The skill reads structured data (CSV, Excel, JSON) or acquires data automatically via the data-base integration when none is provided. It inspects the dataset, runs requested statistical computations or models, generates charts and summary tables, and saves outputs as timestamped files for reproducibility.
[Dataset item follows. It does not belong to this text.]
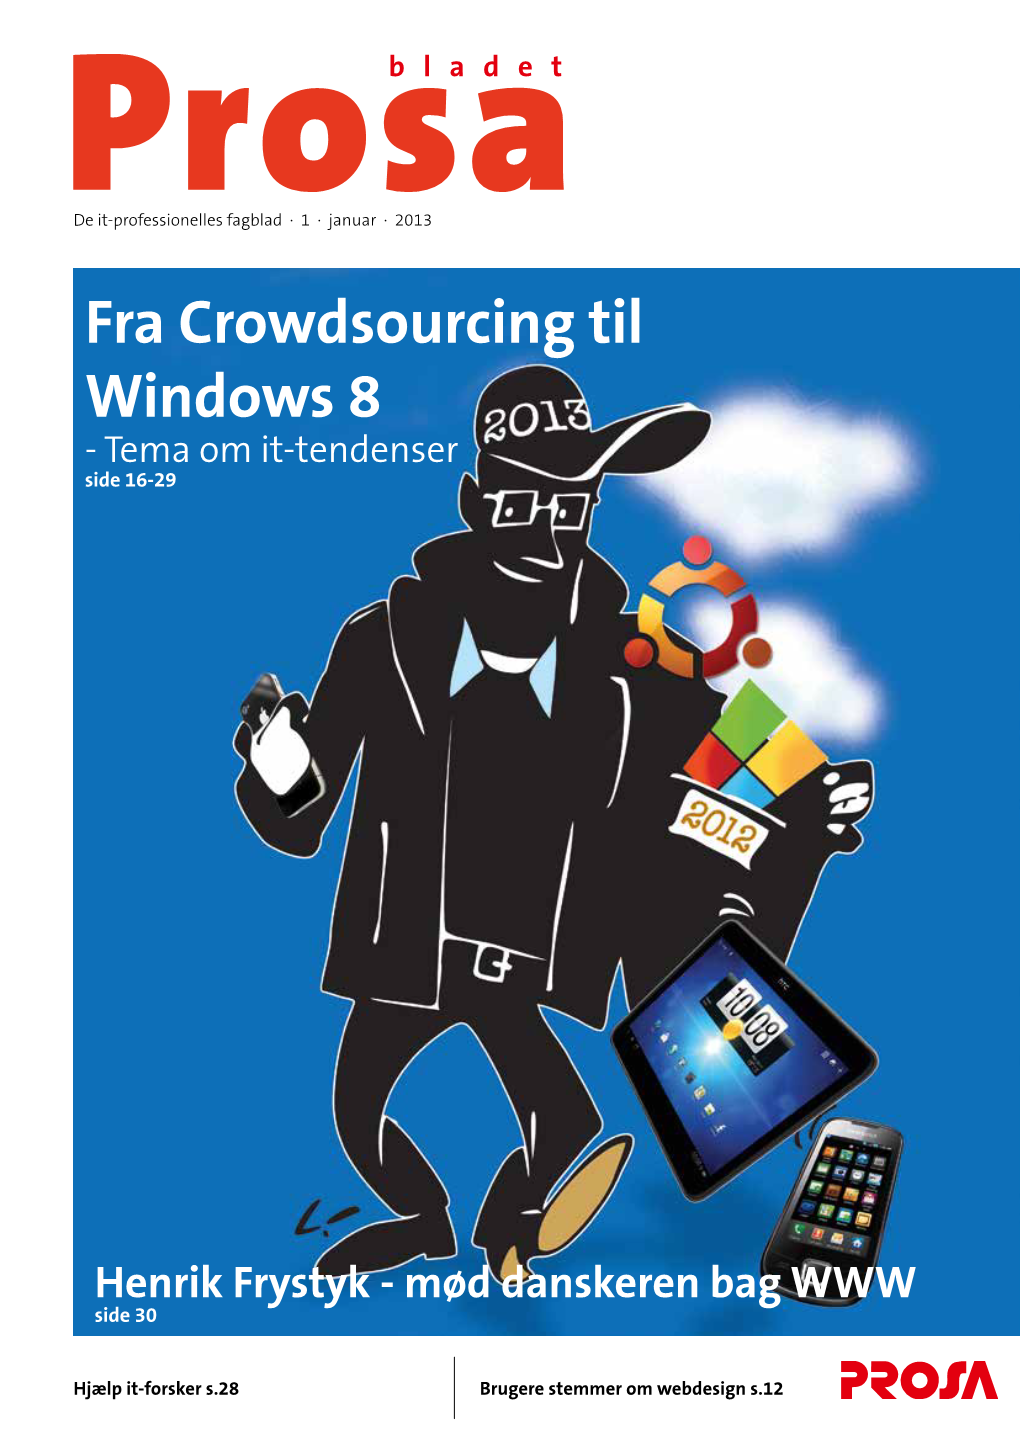 Fra Crowdsourcing Til Windows 8 - Tema Om It-Tendenser Side 16-29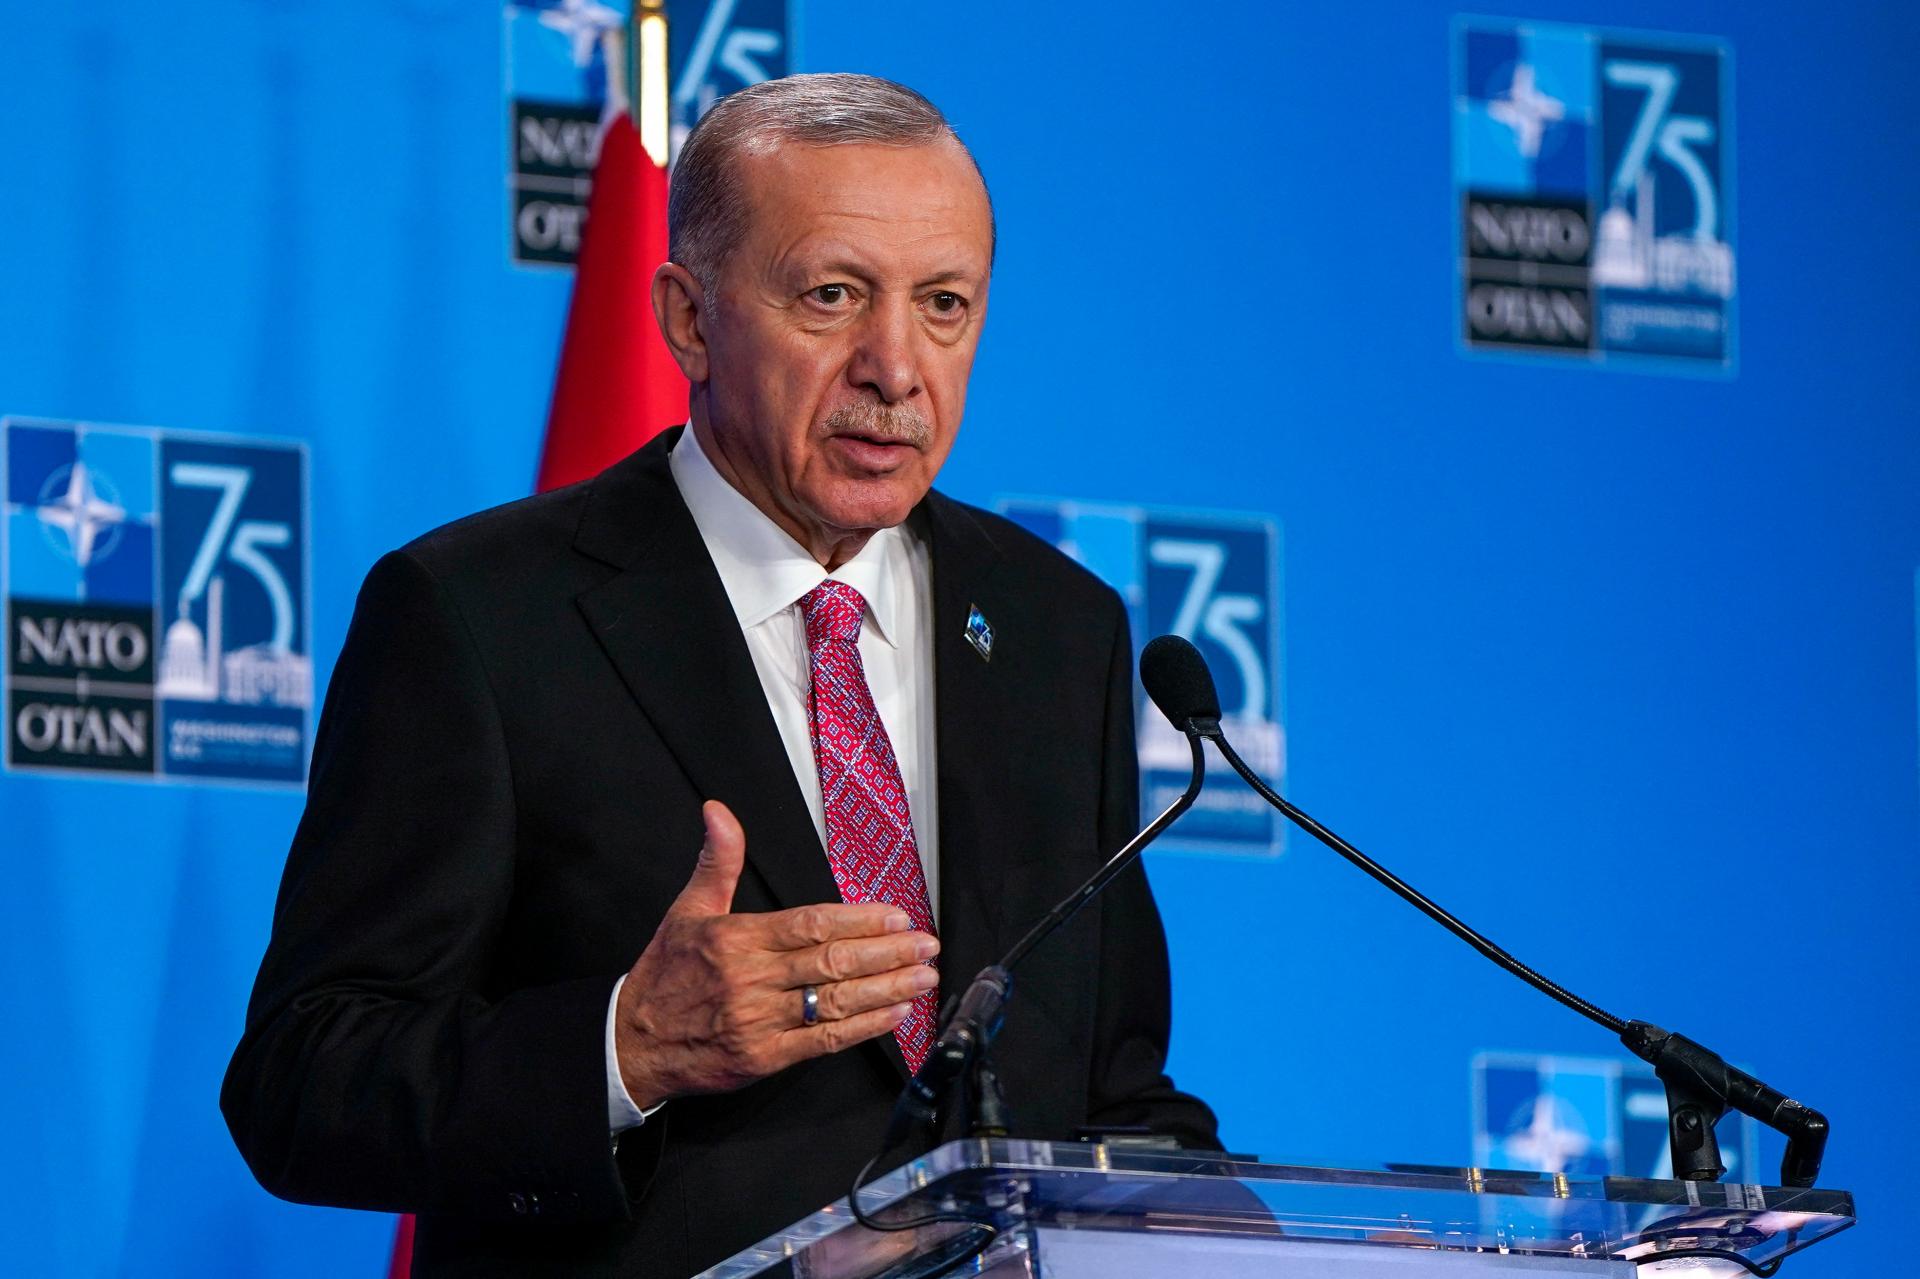 NATO nemôže pokračovať v partnerstve s Izraelom, vyhlásil Erdogan

Common workflows include descriptive statistics, correlation and regression analysis, financial return and risk calculations, cohort and funnel analytics, and hypothesis testing.

When to use it

  • You need descriptive summaries, distributions, or correlation analysis for a dataset.
  • Calculate financial metrics: returns, volatility, Sharpe, technical indicators.
  • Perform business analytics: growth rates, cohort analysis, funnel conversion, KPI reporting.
  • Run scientific tests: t-tests, ANOVA, regression, and time-series analysis.
  • You want charts and exportable processed data (PNG, CSV, JSON).

Best practices

  • Ensure file names use ASCII-only characters (letters, numbers, underscores, hyphens).
  • Inspect data first: head(), info(), describe(), and check missing values before analysis.
  • Use unique, timestamped filenames for outputs to avoid collisions.
  • Handle missing values and validate statistical assumptions (normality, independence) before inference.
  • Document methods, parameters, and interpretations alongside numeric results and charts.

Example use cases

  • Summarize sales_data.csv and produce monthly growth charts plus a CSV of aggregated results.
  • Compute daily returns and volatility for a stocks.csv time series and save a report with Sharpe and drawdown plots.
  • Run A/B test analysis to compute conversion lift, confidence intervals, and a visualization of results.
  • Perform regression on experimental data to test predictors and export model coefficients and diagnostics.
  • Generate cohort retention tables and funnel conversion rates from user_events.json for product analytics.

FAQ

What file types are supported?

CSV, Excel, and JSON are supported; the skill can also query databases or trigger data acquisition if no file is provided.

What happens if file names contain non-ASCII characters?

You will be asked to rename files to ASCII-only names or the file can be saved/renamed to an ASCII name before processing.

How are outputs delivered?

Outputs include summary tables, charts saved as PNG, processed CSV/JSON, and a markdown report with findings and interpretations.